Louisville Times Article - August 14, 1975

 
WKLO Morning Man Bill Love:
It's Love In The Morning

 

Outside the window, a delivery truck hisses quietly down the street, wet from an early morning rain.

A man in shapeless green workclothes heads home from the night shift. Two young women in platform shoes clatter on the sidewalk.

Inside, Big Bill Love is at work, talking. He's the early morning disc jockey at WKLO, working the 5 a.m. to 9 a.m. slot. At times, it seems like he's working on an assembly line, carefully following a script -- a hit record, then a weather report, two more records, then the news, then an oldie-but-goodie, and so on.
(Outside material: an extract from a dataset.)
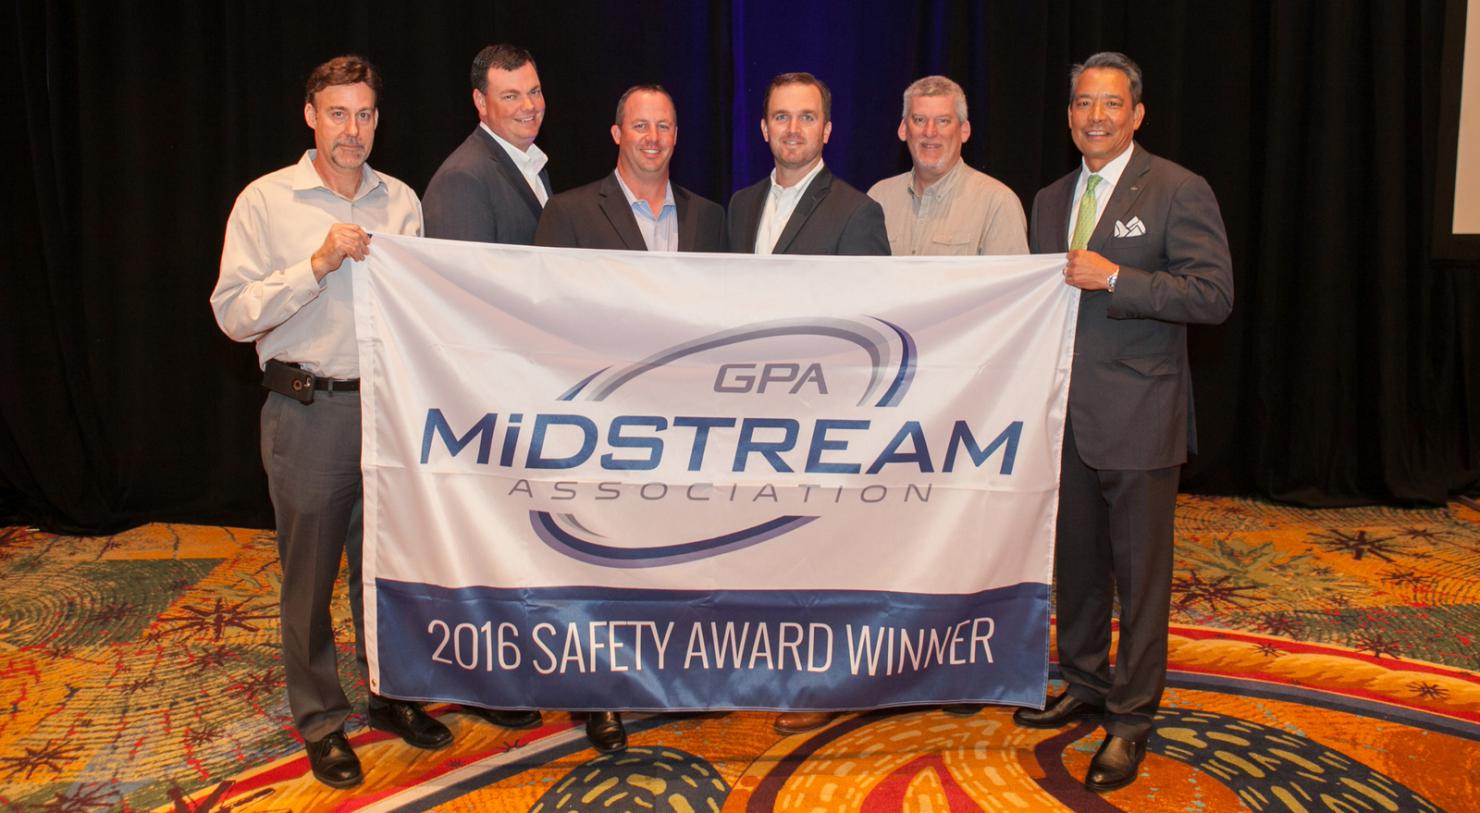 Momentum received two highly coveted GPA Midstream Association safety awards in 2016. The Perfect Record Award for no “lost time” accidents, and the Division II Company Safety Award for outstanding safety performance. This was the second time the Momentum companies have been selected as an award winner.

In between he talks to listeners, telling the time and where the traffic jams are, and sometimes making them laugh.

Big Bill was born in Scott County, Kentucky, but he tells it better himself: "I was born at Finnell Pike, that's F-i-n-n-e-l-l Pike, born in a farmhouse. It's a national shrine now, they have a Howard Johnson's there.

"When I was little kid growing up we didn't have a lot of entertainment, but we did have a radio and I used to listen a lot. Where other kids would play with little toy guns and cars...I used to make little toy microphones. I built a TV camera one time out of some toilet paper rolls and and old box. I made a tripod for it and pretended I had my own TV show.

"Things went off from there. In Paintsville there's a radio station. (Paintsville is the town nearest to Finnell Pike.) That's where I started out...I got sidetracked for a while. I wanted to be a big college football star and a pro star, but I gave it up. I played football for six years and all I got was hurt."

After Paintsville, Big Bill worked at several other stations before coming to WKLO 4 1/2 years ago.

"The morning show is the big one," he explains. "That's when the most people are listening. It's very difficult to watch TV in the morning. It's just impossible to be in the bathroom and shave and everything and have the TV going."

But he does have competition in the morning from other radio radio stations.

One of his toughest competitors is WAKY's Bill Bailey, the self-styled Duke of Louisville, famous for his abrasive personality and his caustic monologues.

Bailey leads Love in the ratings, But the gap has been closing since Big Bill Love took over WKLO's morning show. A recent survey showed Bailey with an average quarter hour total of 23,600 listeners to Love's 19,300. (WAVE and WHAS led with 28,800 and 27,600 respectively.)

In contrast to Bailey, Big Bill is smooth and less controversial. He philosophizes, "When I was a kid I used to sit around with my little tape recorder and I'd take a song and I'd cut out a part of it, you know, splice it out. If I had a mistake, I'd splice it out and put it back together again. And I thought, 'Wouldn't it be great if life were like that and you could run back and do it over...splice out what was wrong and put in the good stuff.'"

Big Bill has an answer for the bad stuff in life, though. He says, "I'm gonna just keep playing my hits and not worry about it."